_Material to process_.
^^^^

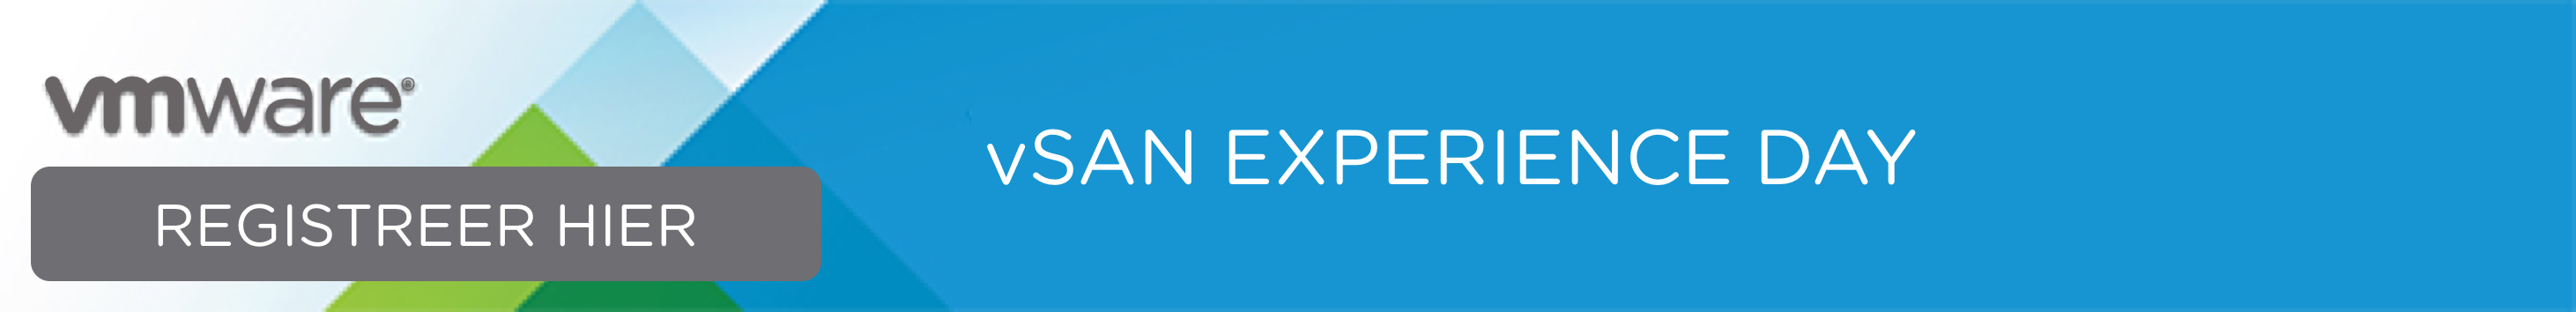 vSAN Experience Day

^^^^

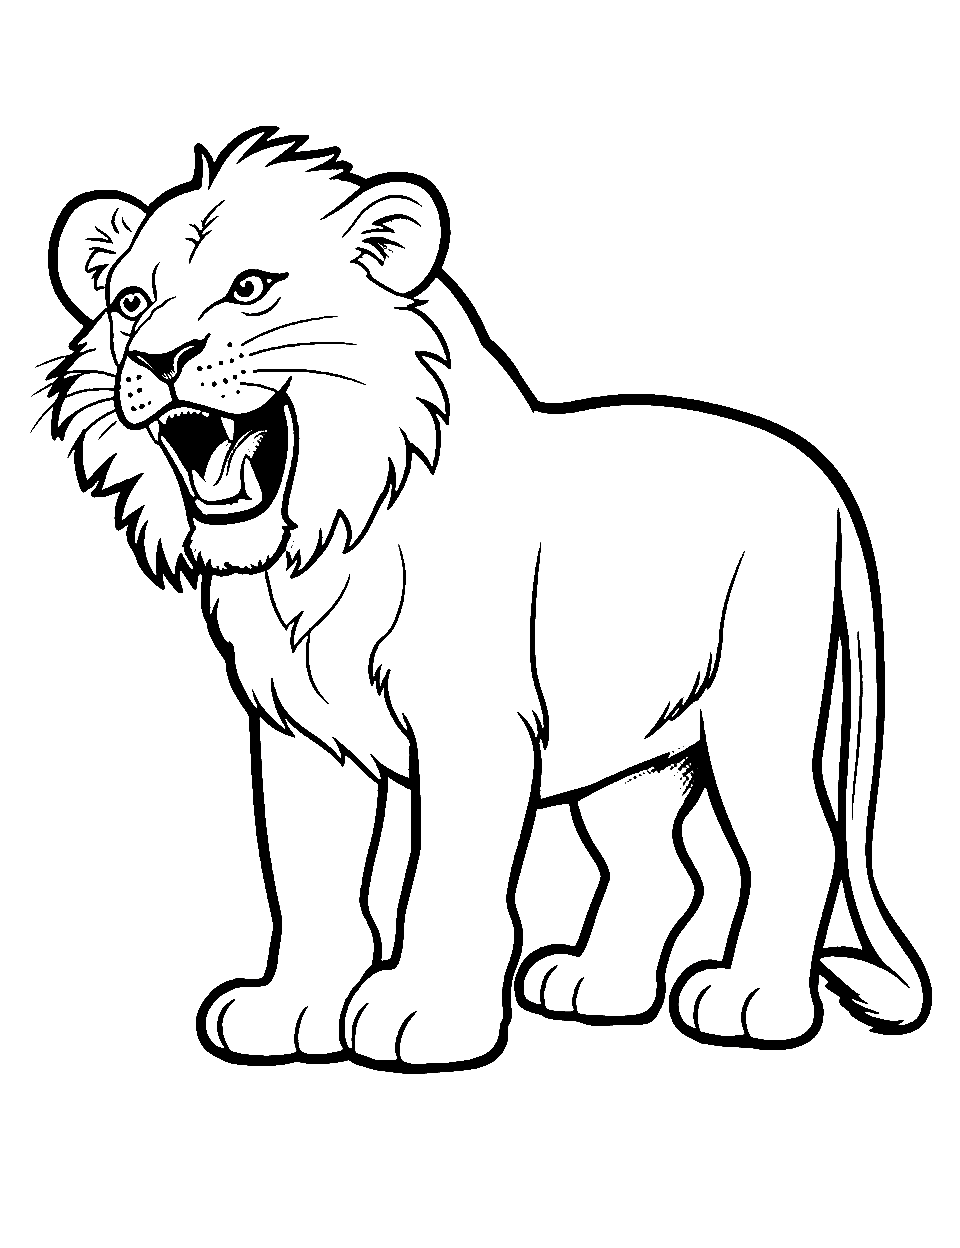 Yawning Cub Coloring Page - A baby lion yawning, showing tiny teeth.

^^^^

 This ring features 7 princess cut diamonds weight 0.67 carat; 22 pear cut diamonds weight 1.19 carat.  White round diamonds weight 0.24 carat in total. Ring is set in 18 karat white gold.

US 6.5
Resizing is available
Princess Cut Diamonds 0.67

^^^^

Look above for the line with "This ring features" and the line with "Princess Cut Diamonds 0.67". Write out those two lines and all the lines between them, exactly, and no others.

_Solved problem_.
 This ring features 7 princess cut diamonds weight 0.67 carat; 22 pear cut diamonds weight 1.19 carat.  White round diamonds weight 0.24 carat in total. Ring is set in 18 karat white gold.

US 6.5
Resizing is available
Princess Cut Diamonds 0.67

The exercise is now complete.